--- START ---

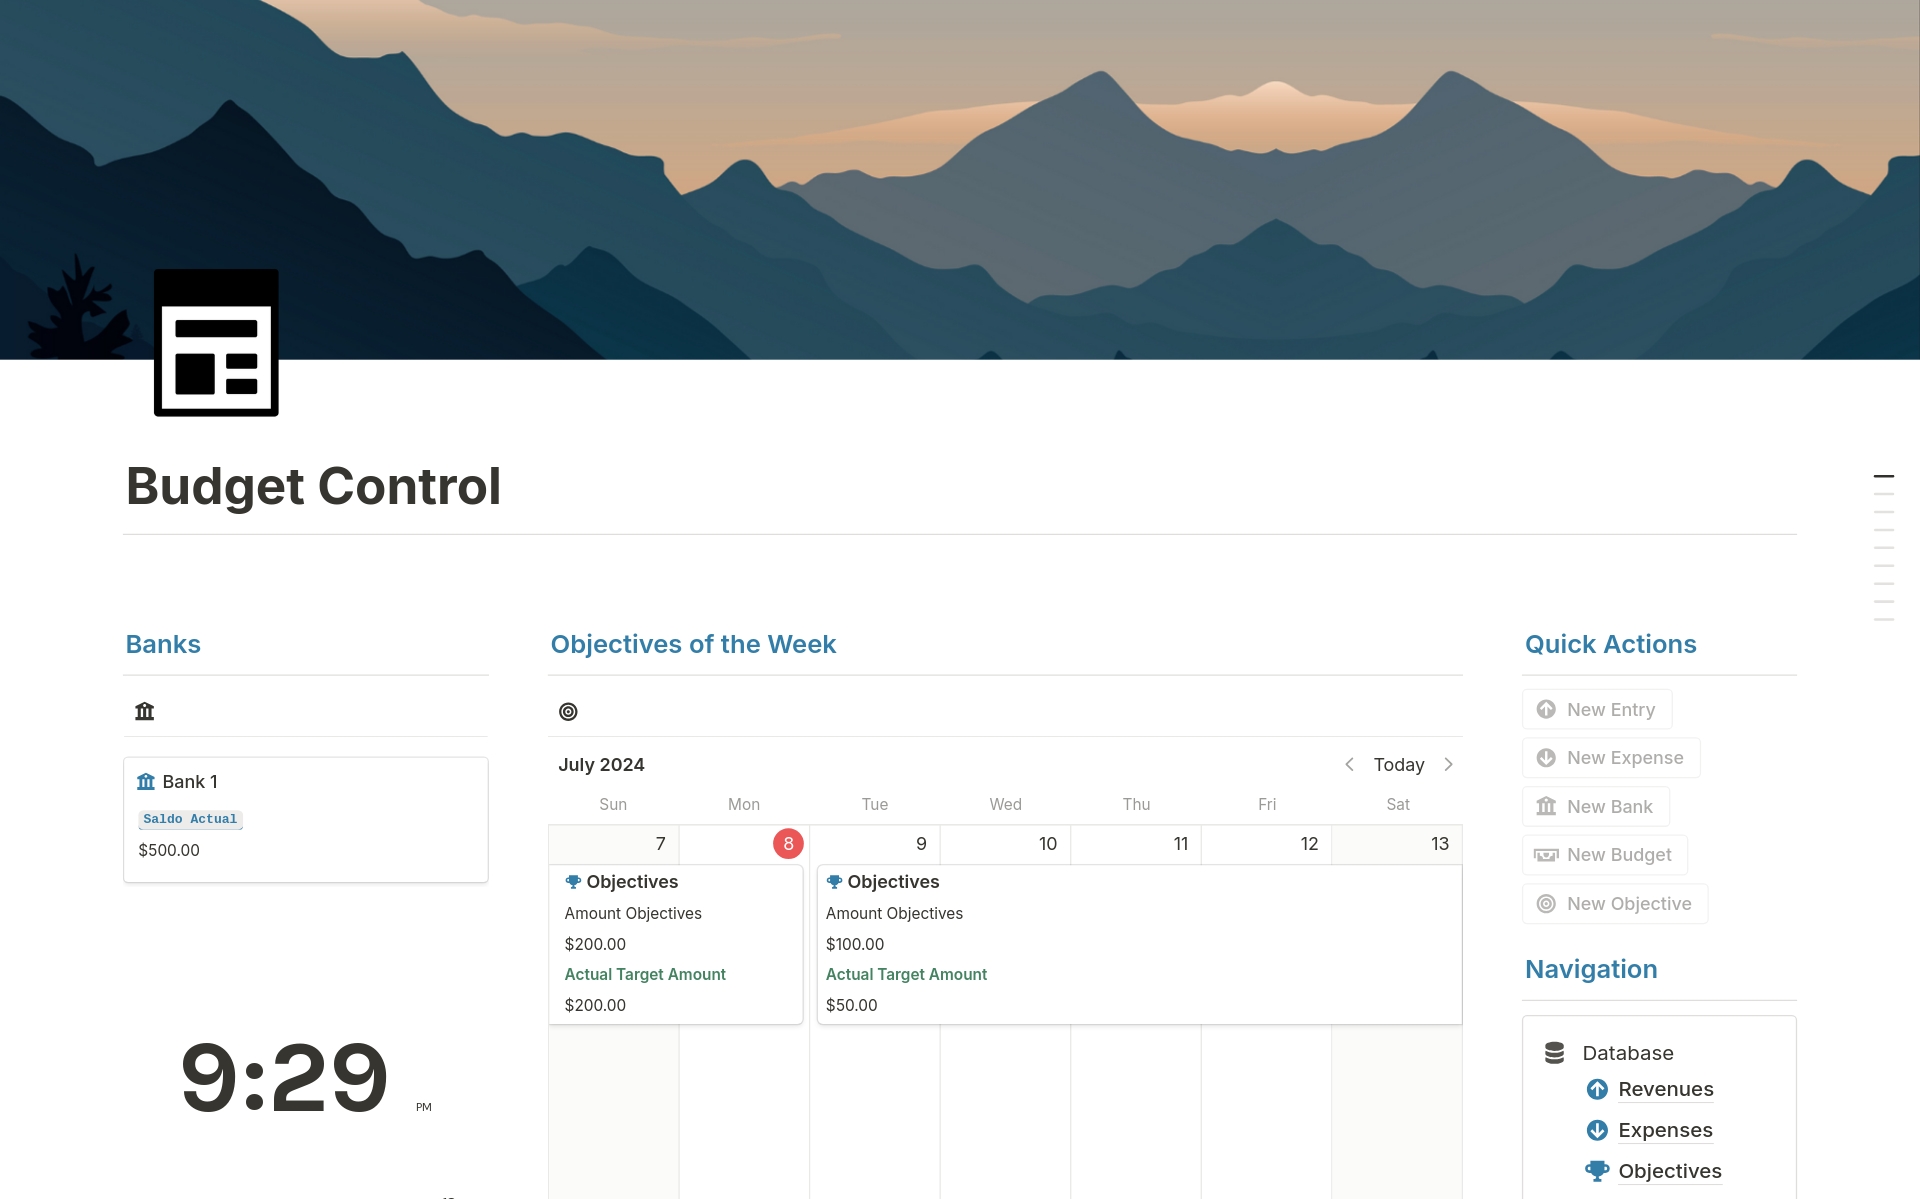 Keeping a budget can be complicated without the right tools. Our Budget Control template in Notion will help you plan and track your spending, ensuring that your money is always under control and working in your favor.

--- END ---
--- START ---

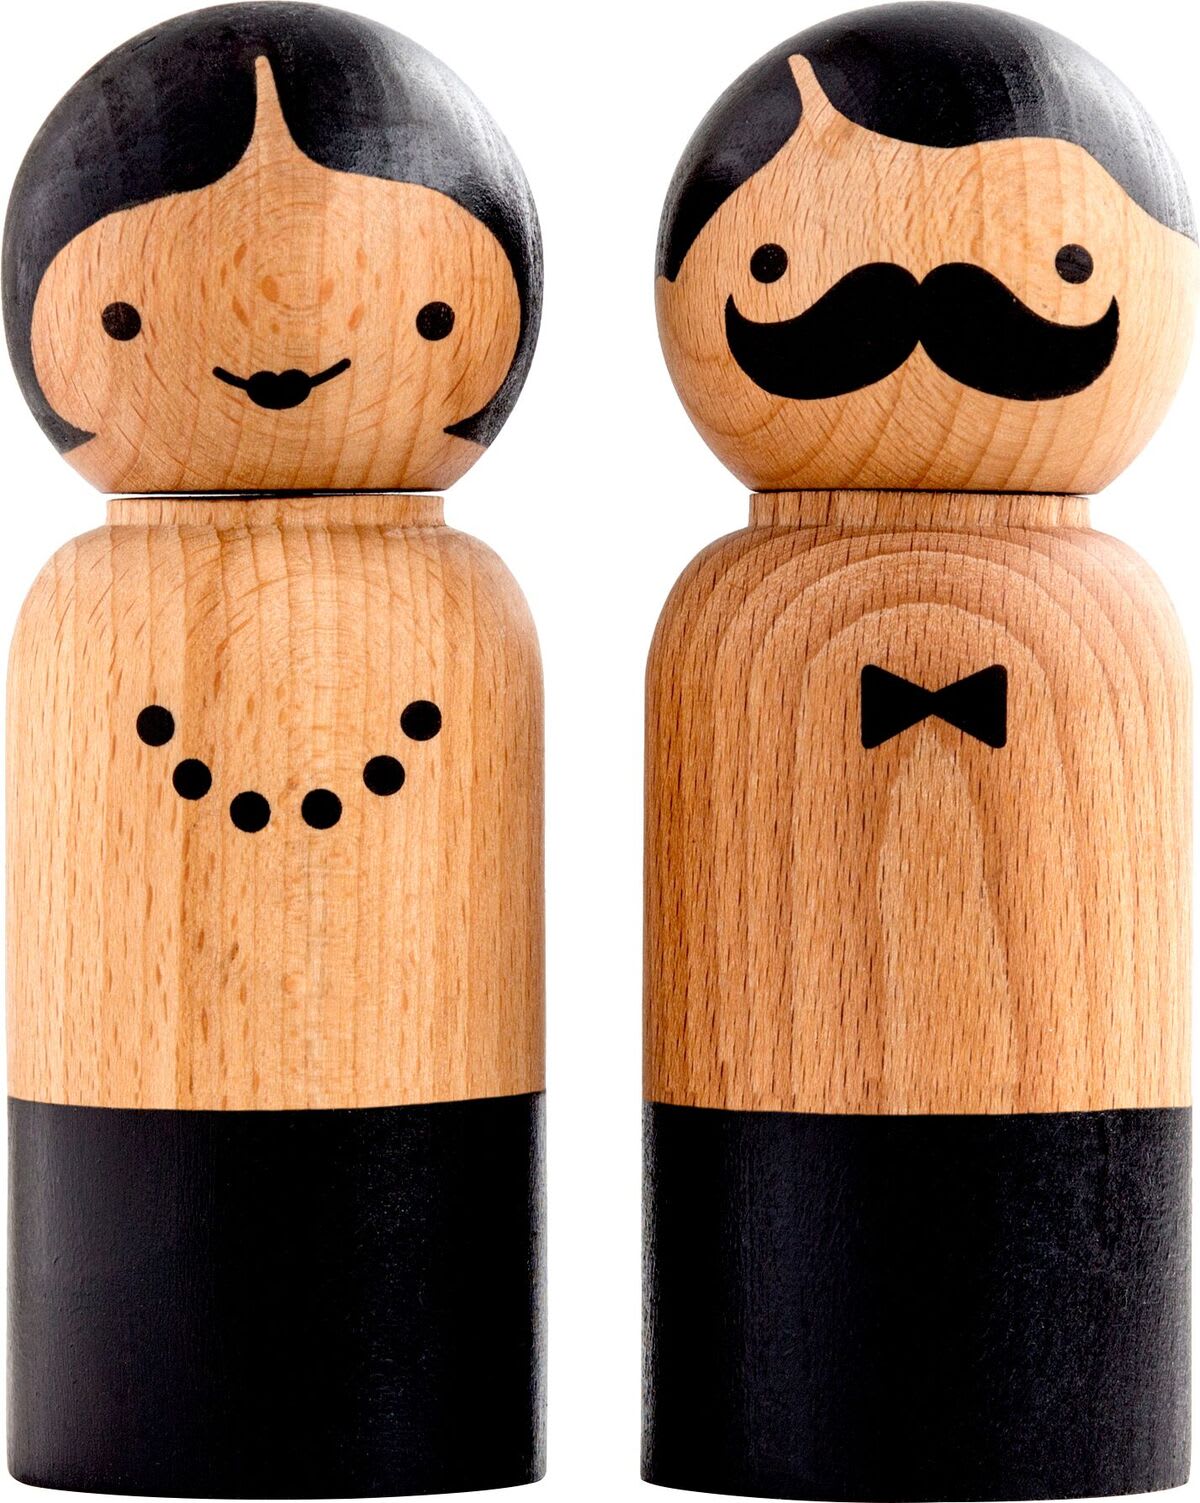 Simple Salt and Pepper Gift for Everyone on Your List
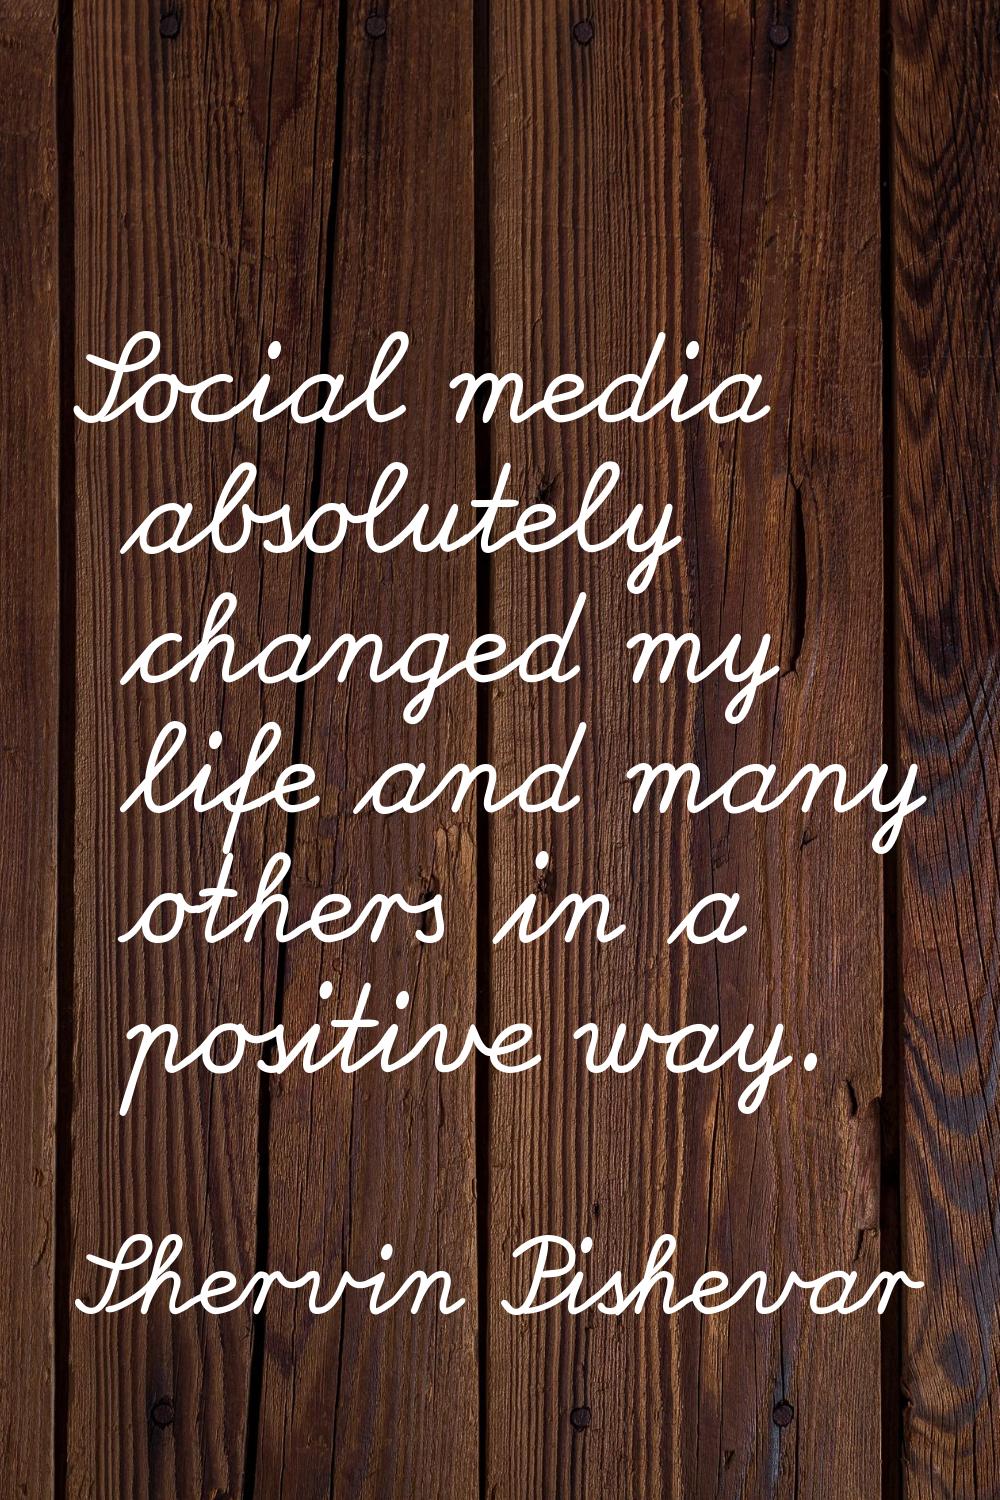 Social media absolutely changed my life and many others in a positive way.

--- END ---

AIM OF THE TASK ▸
Beginning with the line above that contains "Simple Salt and" and finishing with the line that contains "Social media absolutely", print those lines exactly and only. Skip all pictures.

WRITTEN SOLUTION ▸
 Simple Salt and Pepper Gift for Everyone on Your List
 Social media absolutely changed my life and many others in a positive way.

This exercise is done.